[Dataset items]
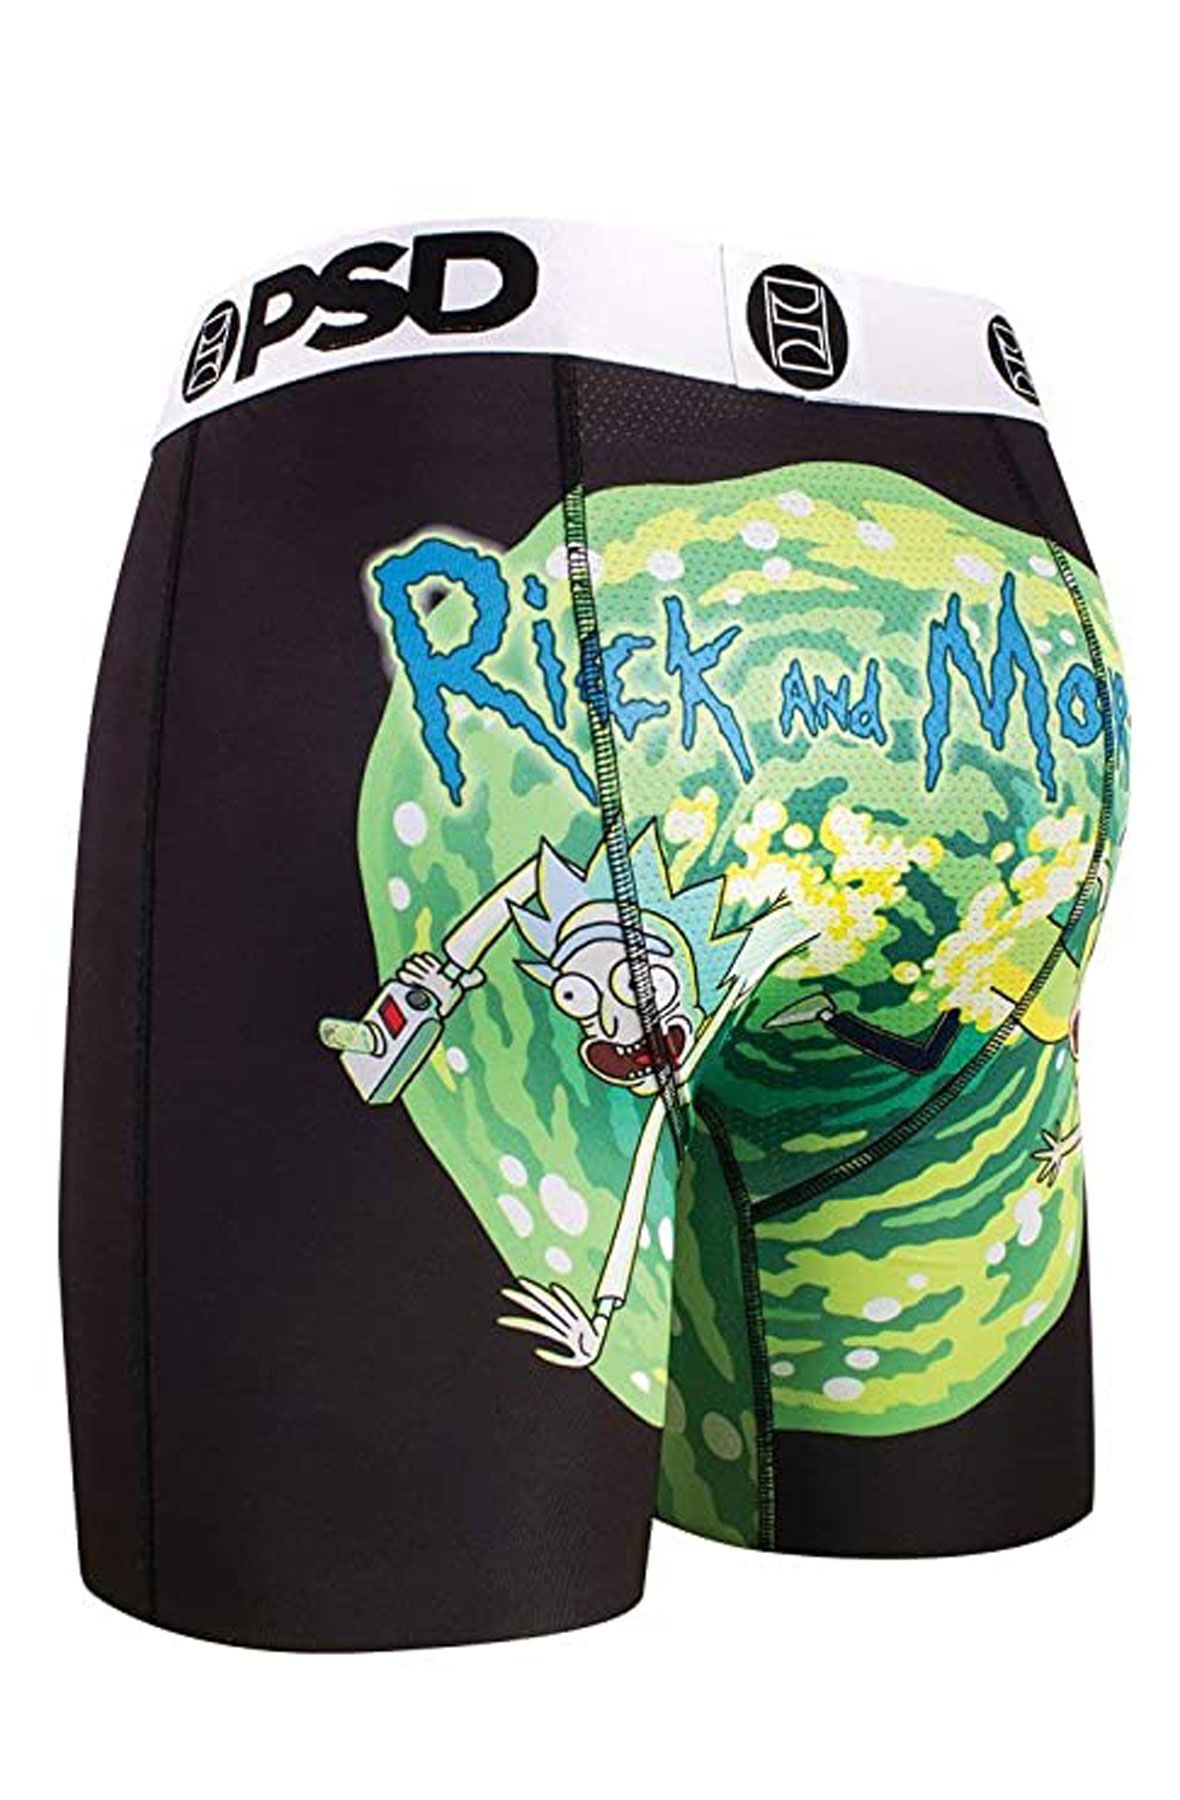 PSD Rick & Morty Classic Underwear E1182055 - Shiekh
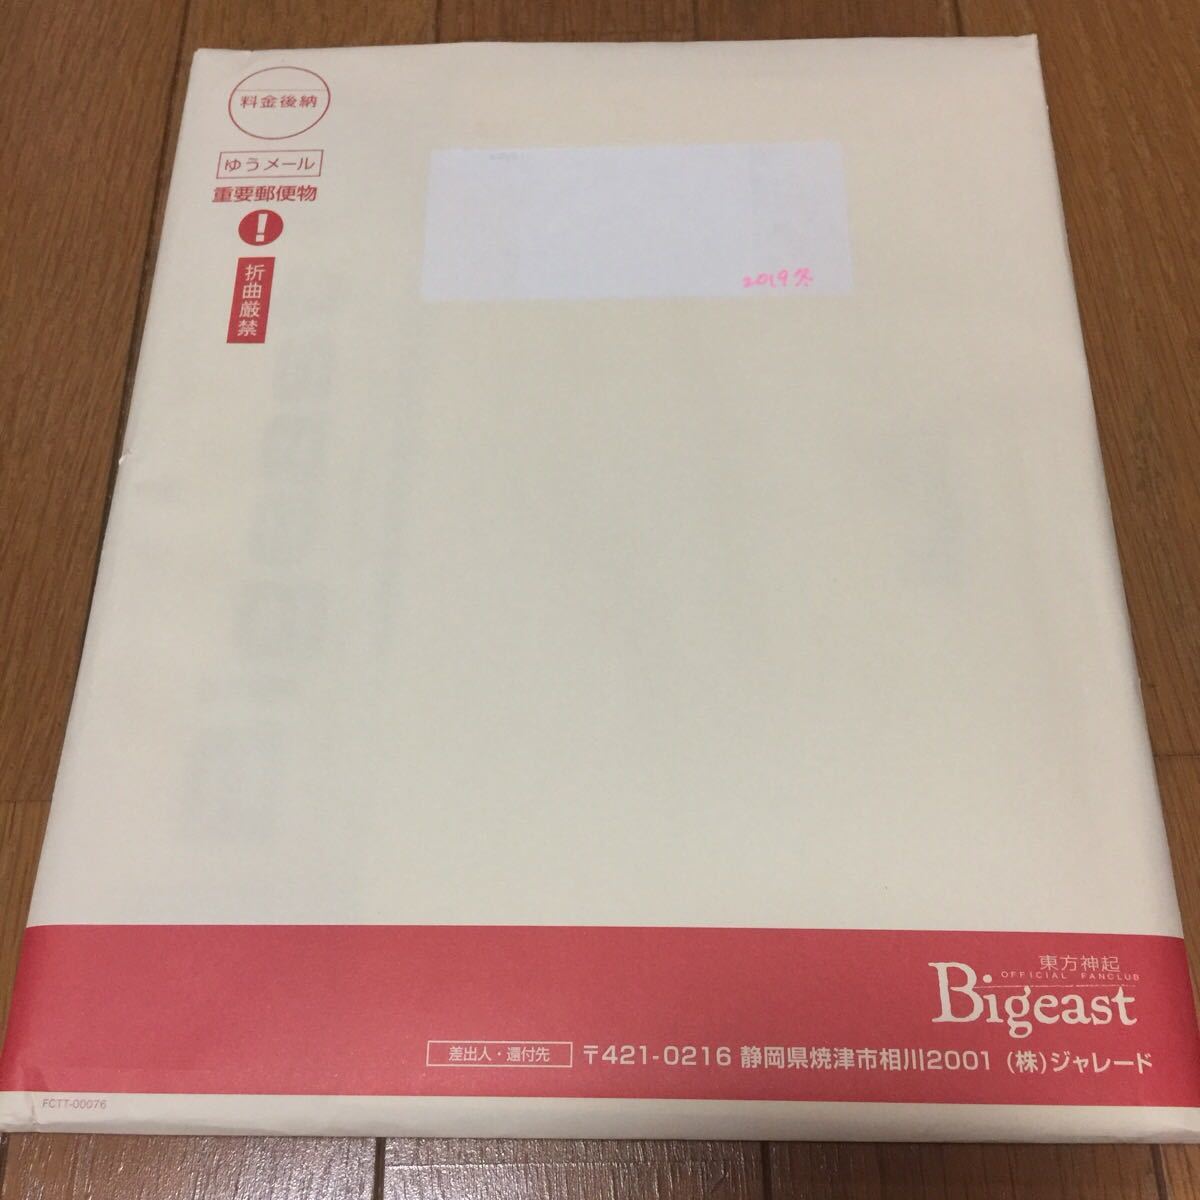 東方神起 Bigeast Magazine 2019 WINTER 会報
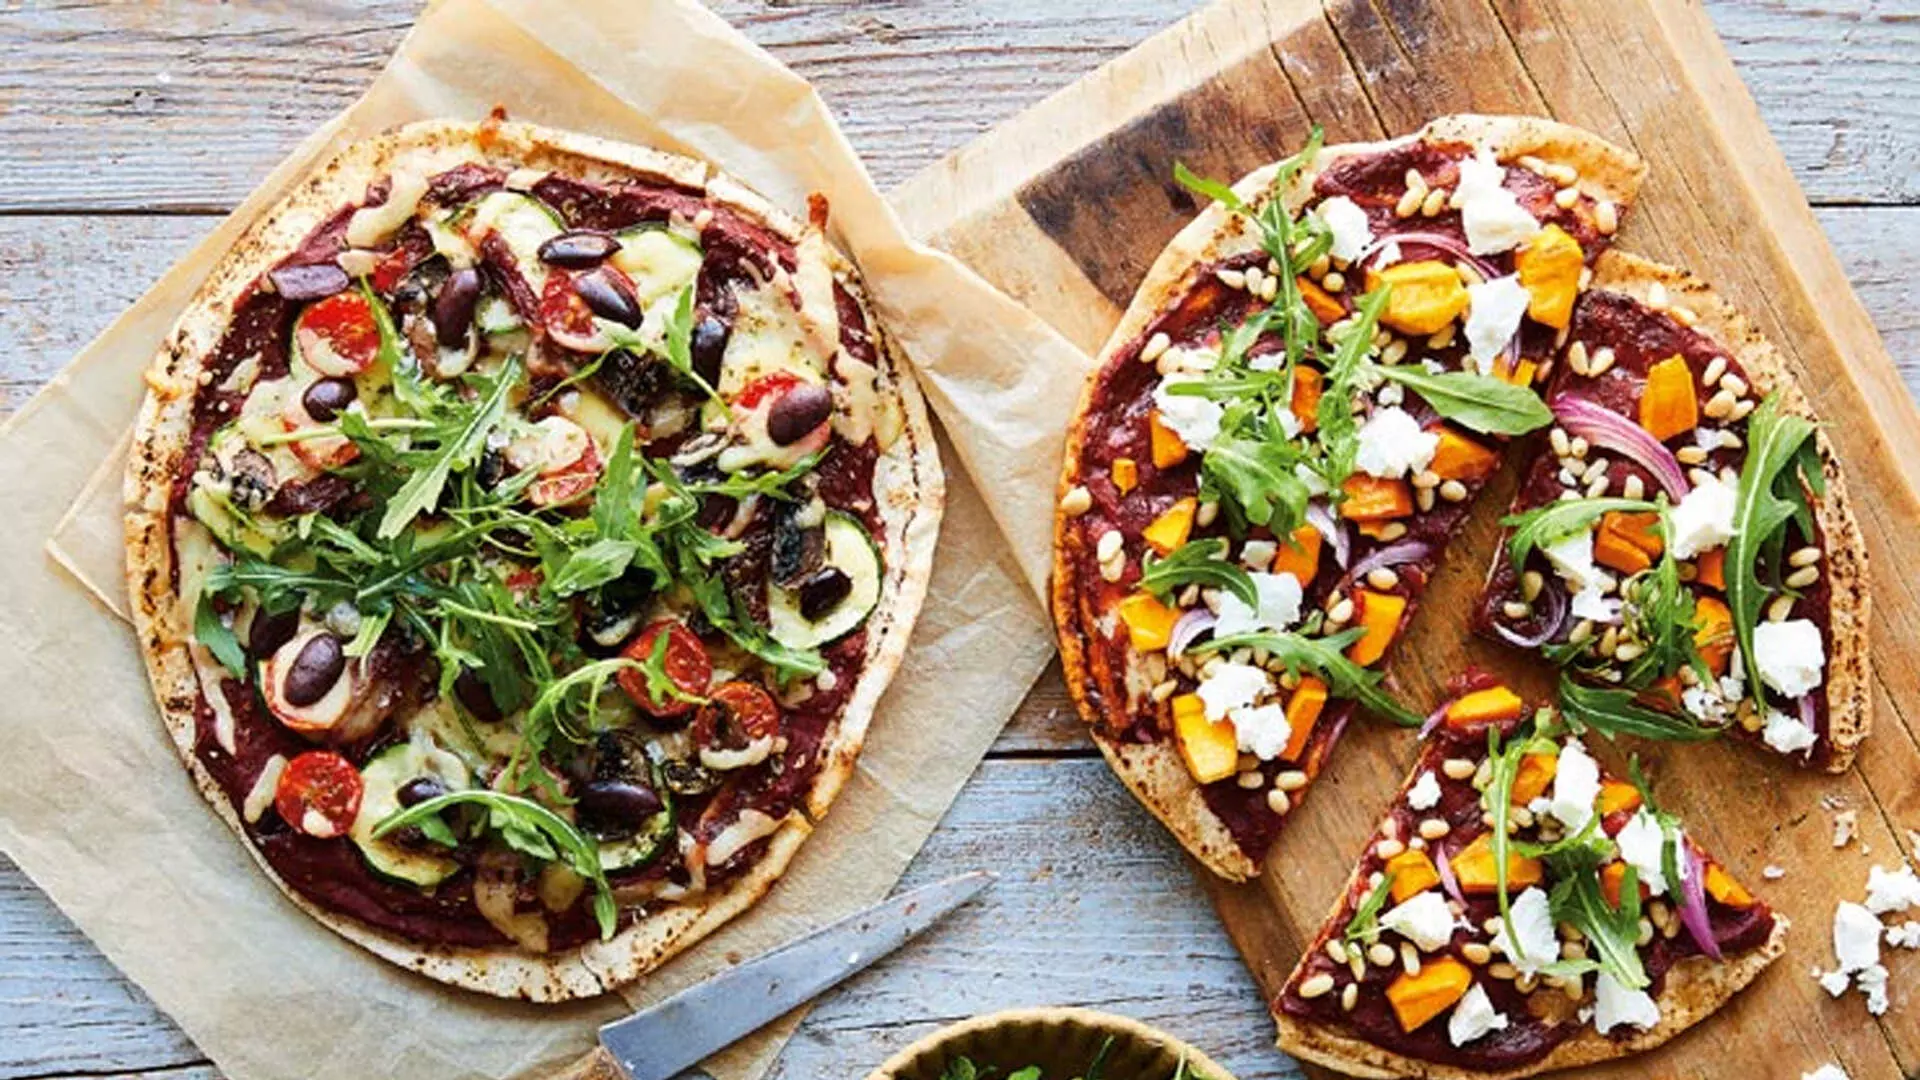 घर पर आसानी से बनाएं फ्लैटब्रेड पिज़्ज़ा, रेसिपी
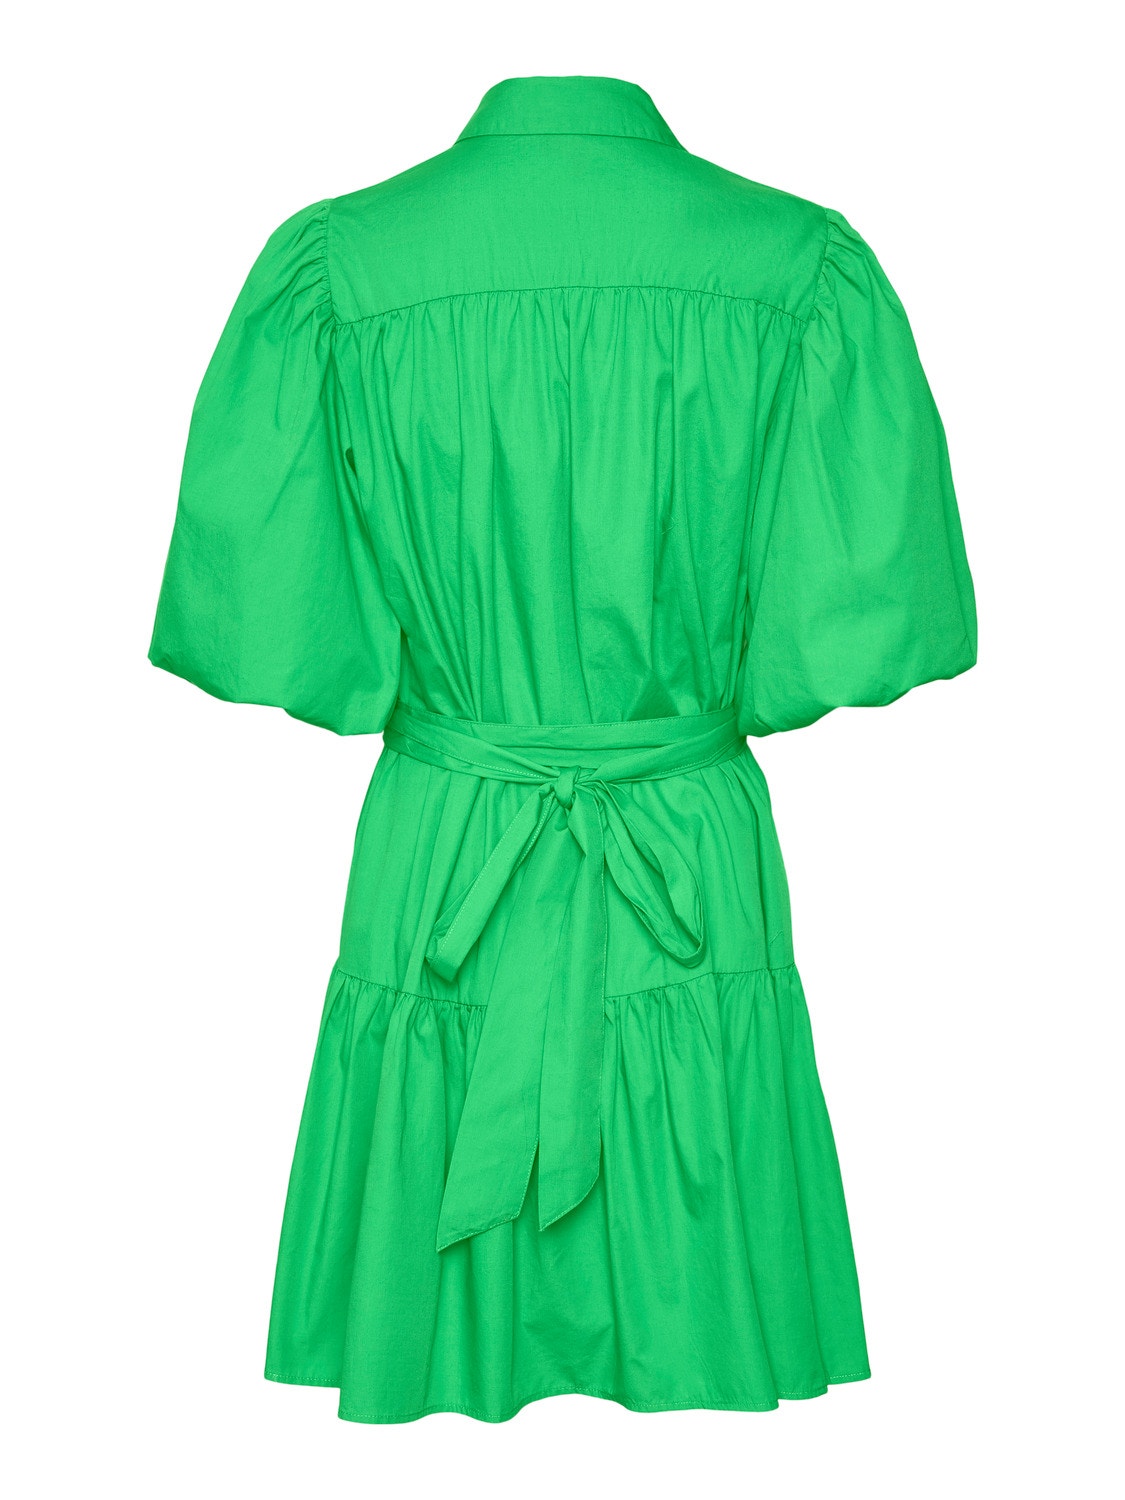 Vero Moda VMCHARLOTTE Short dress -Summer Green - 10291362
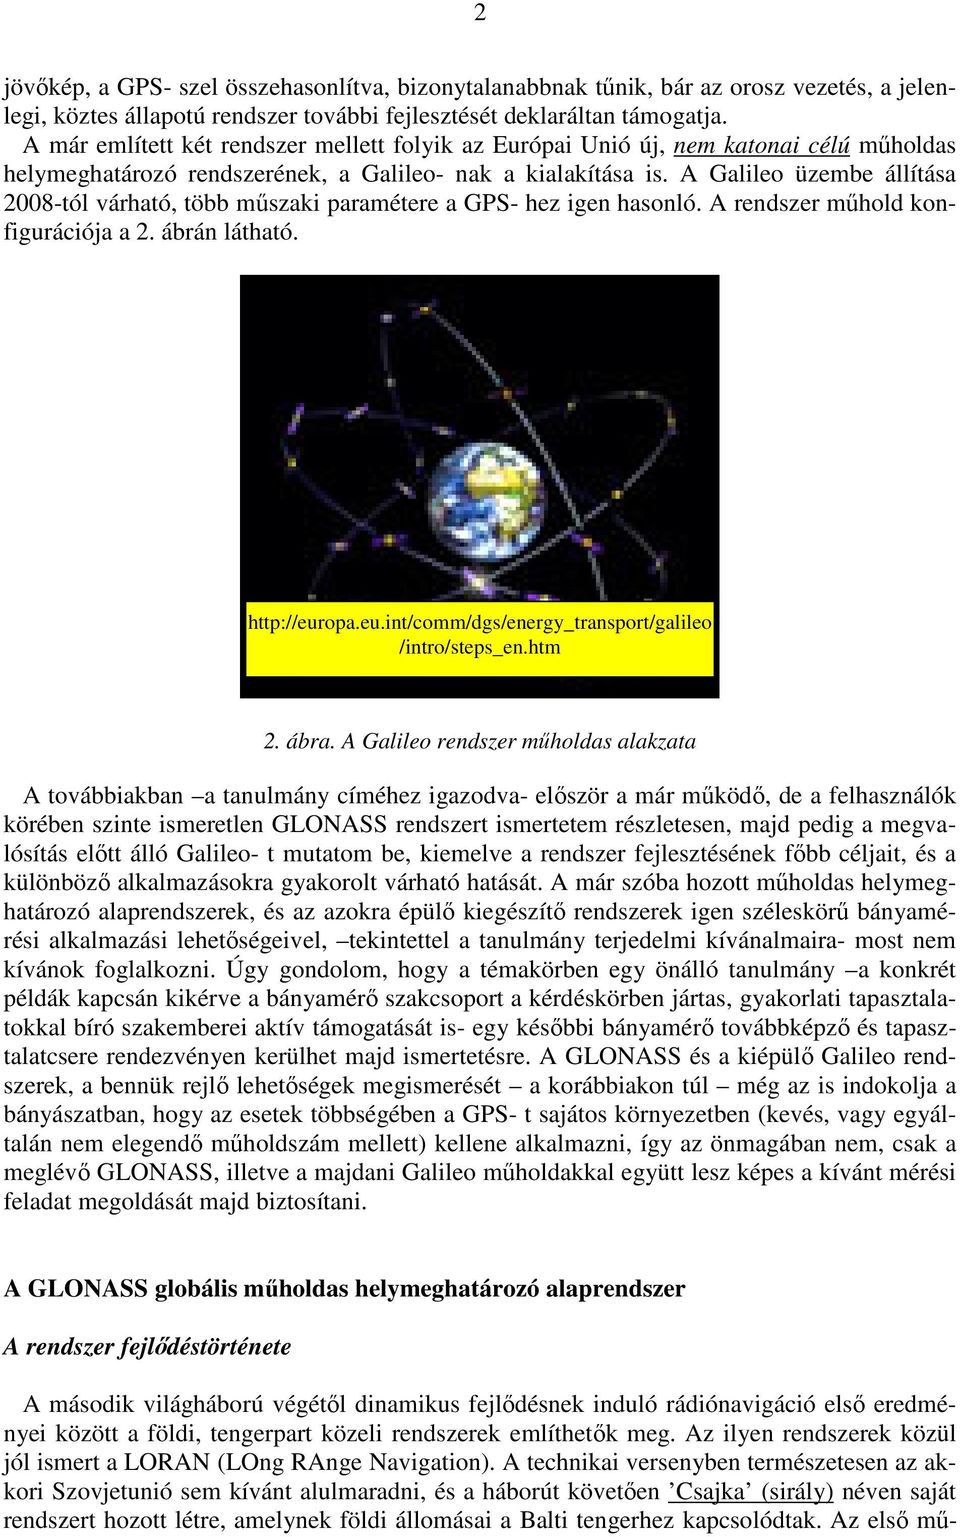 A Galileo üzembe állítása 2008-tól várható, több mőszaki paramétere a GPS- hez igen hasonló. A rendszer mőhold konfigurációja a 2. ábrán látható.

Task goal
Reproduce exactly and only the lines from the line that contains "घर पर आसानी" to the end of the data above, both ends included. No pictures go in the copy.

Exercise answer
 घर पर आसानी से बनाएं फ्लैटब्रेड पिज़्ज़ा, रेसिपी
 Vero Moda VMCHARLOTTE Short dress -Summer Green - 10291362
 A Galileo üzembe állítása 2008-tól várható, több mőszaki paramétere a GPS- hez igen hasonló. A rendszer mőhold konfigurációja a 2. ábrán látható.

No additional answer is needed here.